3/16 is good thickness for a longboard deck

2/16 is good for a shortboard deck

if your using thin skins (1/16 or less)

the boards will break

if you dont use glass under

the boards will break

if your perimeter stringers are less than 1/2 inch

the board will possibly break

Or to mix & match:

I balance everything. Same glass (4oz) under & over, same glass deck & bottom. Same balsa thickness deck & bottom (only 1/16"). 3/4" of rail material. Done both 1# & 2# cores - I prefer the 2# but that’s just me.

Haven’t broken any. Nor buckled, nor cracked, nor split. Well, ok I have one 1" long cracked dent in the deck of the first one I made from knee paddling, but that’s it.

I’m not taking these things in huge surf every day, but they’ve definitely been through some good knocks. You can’t see the board here, but its under me all right. And its been back & forth to Scorpion Bay & points in between. This one’s been in pretty solid use (3-4 days a week between me & several friends - its the first I’m really subjecting to big-time durability testing) for 8 or 9 months now… Its a little yellowed and seems more flexible now, but other than that, no problems…

Bear with me through this long winded answer to some of your questions. First off, it makes me feel good to see this thread come alive. I started this writeup for myself (kind of like a mission statement of what I believe) because over the past 8 months I’ve watched the outside appearance of my boards improve but each design change sent the board’s surfability go down hill (at least for me). The design changes were a result of me buckling my favorite 9 footer and several boards getting the dreaded rail split. I shouldn’t have been shocked since it was only glassed with 2b2 on the bottom and 2B4 on the deck. I was going to junk it, but instead I revived it. I decided to be safe so I glassed both the top and bottom layers with 6 and wrapped the rails. I hated the board. It felt like it had lost everything I liked about it and was way too stiff. I gave the board to cj3 (Christian) and he ripped on it (I’ve included a picture - I hope you don’t mind Christian), However, he joked about how flexy it was. He was right (at least for him) since the board buckled soon after the photo. He’s rebuilt the board so strong that I couldn’t flex it on a triple overhead day, but its working for him. I’ve come away with the belief that compsands are best suited as a custom board based on your ability and the wave you surf. I think that this is the problem that Firewire is running into. The production of the boards is challenging so for now they can only make a board aimed at the average surfer. The problem is that there really is no such thing. What works for me probably won’t work for you. Give them another couple years to work out the production bugs and I bet they have a much more diversified product line that will blow people away.

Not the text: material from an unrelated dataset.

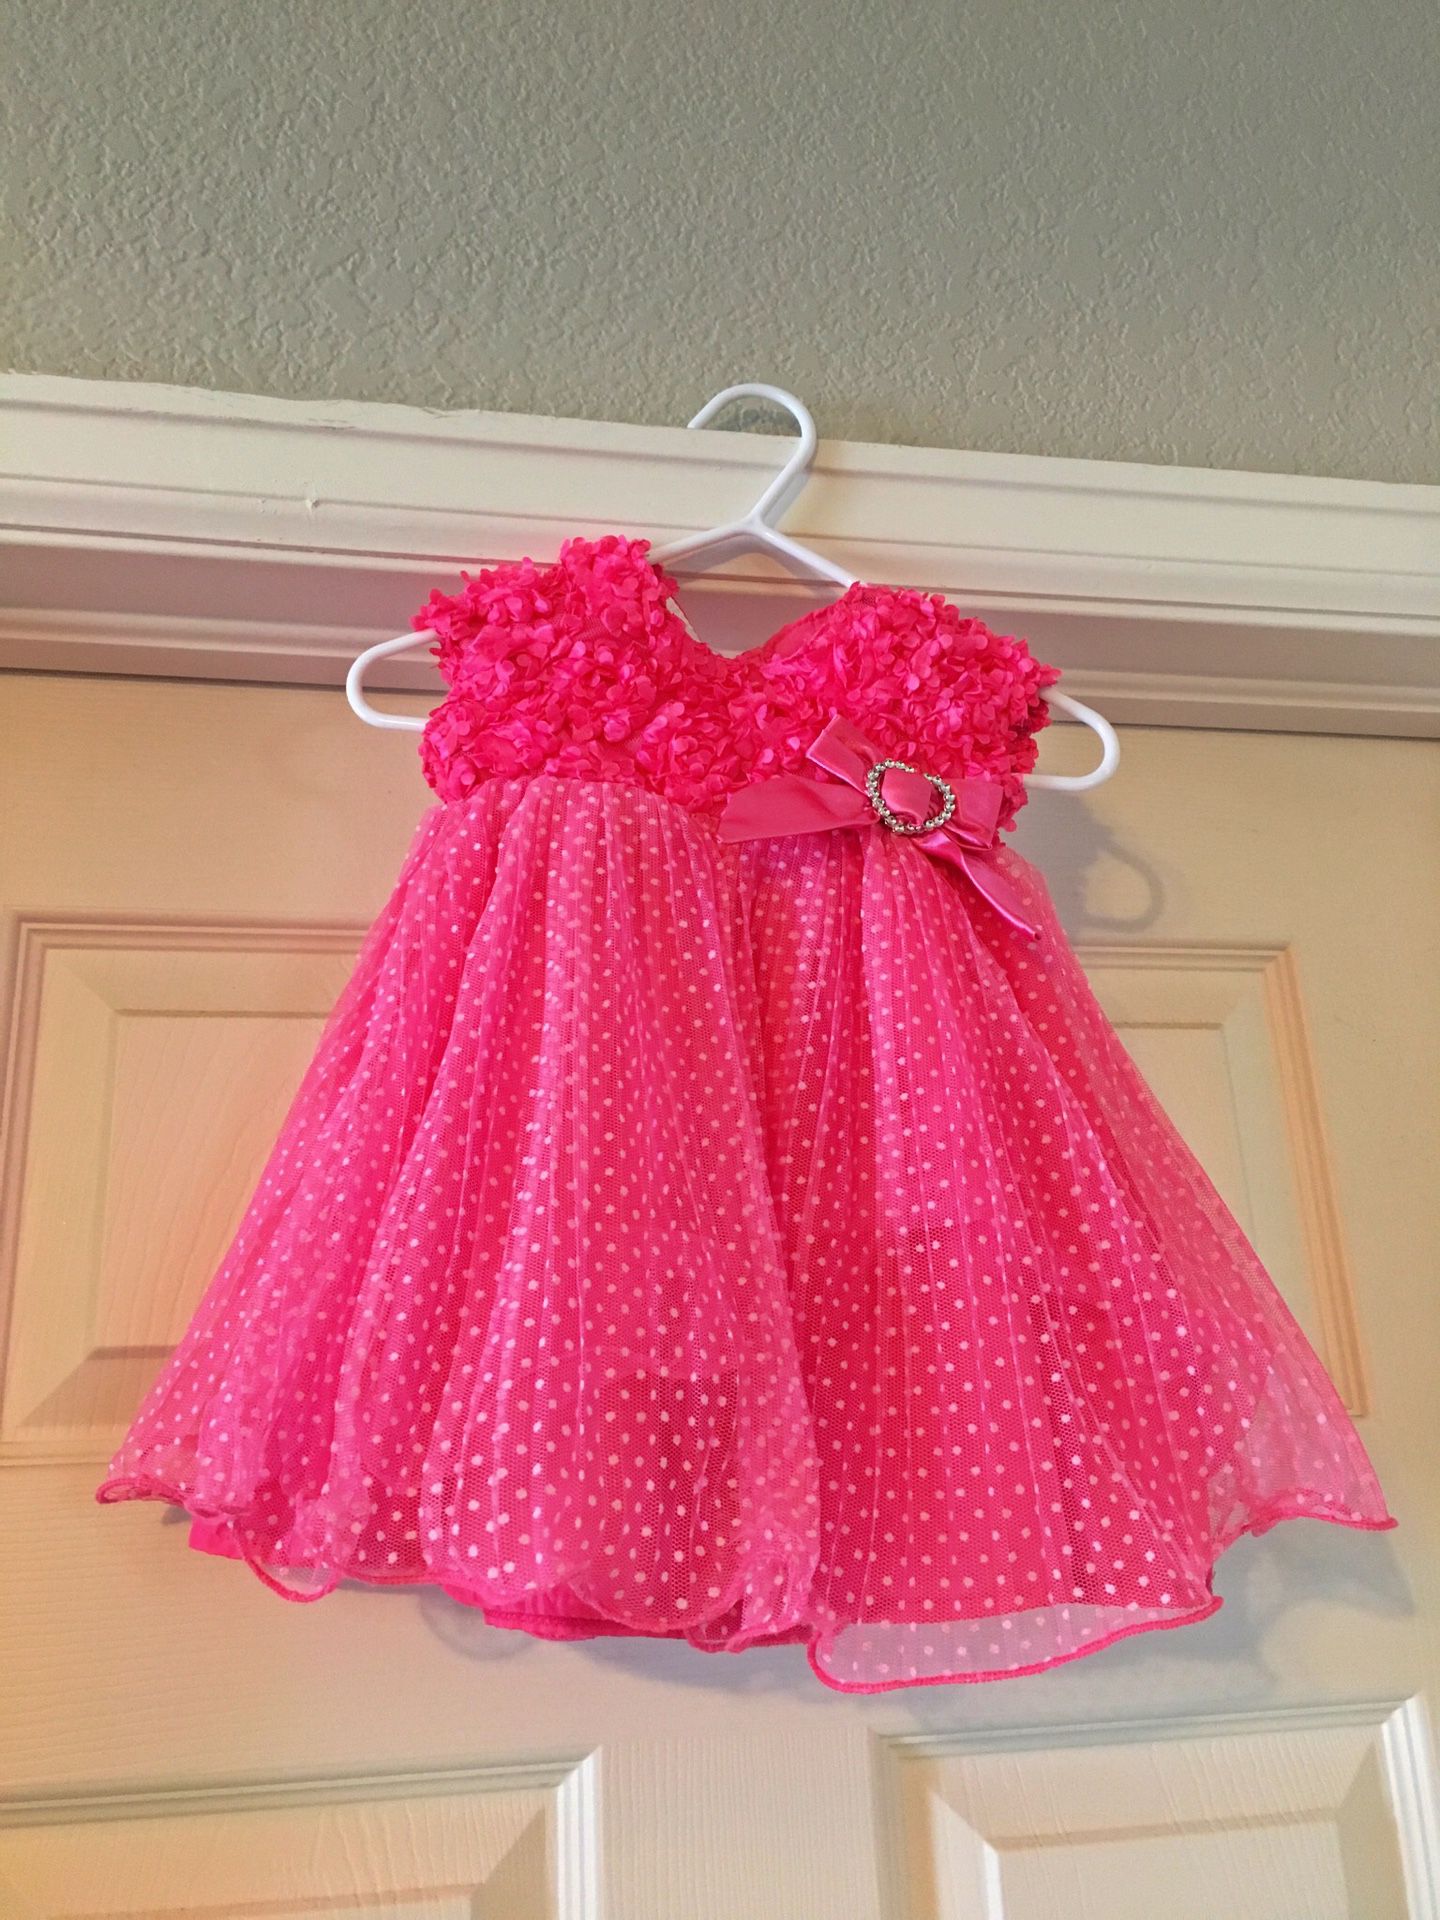 Infant pink dress

The nose crease in tridge's board also happed to me.  My initial respone was that the nose of the board should be very stiff to stop the problem (just like Oneula says).  I think that this approach would work very well on a shortboard since are far as I can tell shortboarders don't surf the nose and nose stiffness transfers to better takeoffs  and paddling.  I think longboarders are more at risk because they have big, wide noses (the boards, not the surfers ;) ) that get pushed really hard when they go through the wave. Our hands focus all the wave's energy thats pushing the nose back right to the spot where our hands are.  You could just beef it up, but longboarder's surf the nose and ideally the nose would flatten out when we're on it (this lessens the tail hold requirements).  This makes me think that the longboards need the tension parts of the skin beefed up in the nose while the compression parts are weakened.

Lavarat, Benny1 has told me that you surf some really heavy waves so I bet your right about liking stiffer boards.  Flexy would be overpowered by the wave.  However, stiff and flex are relative terms that dependent on the surfers strength and the wave they surf.  I bet if you surf your favorite board at my break (Sano) you would hate it (toooooooooo stiff).  If I was building a board for your wave I'd start with double thick balsa deck and heavily glassed bottom.  When I breaks I would look which side of which skin failed and just beef up that side.  If it doesn't break I'd weaken the tension sides of the skins a bit.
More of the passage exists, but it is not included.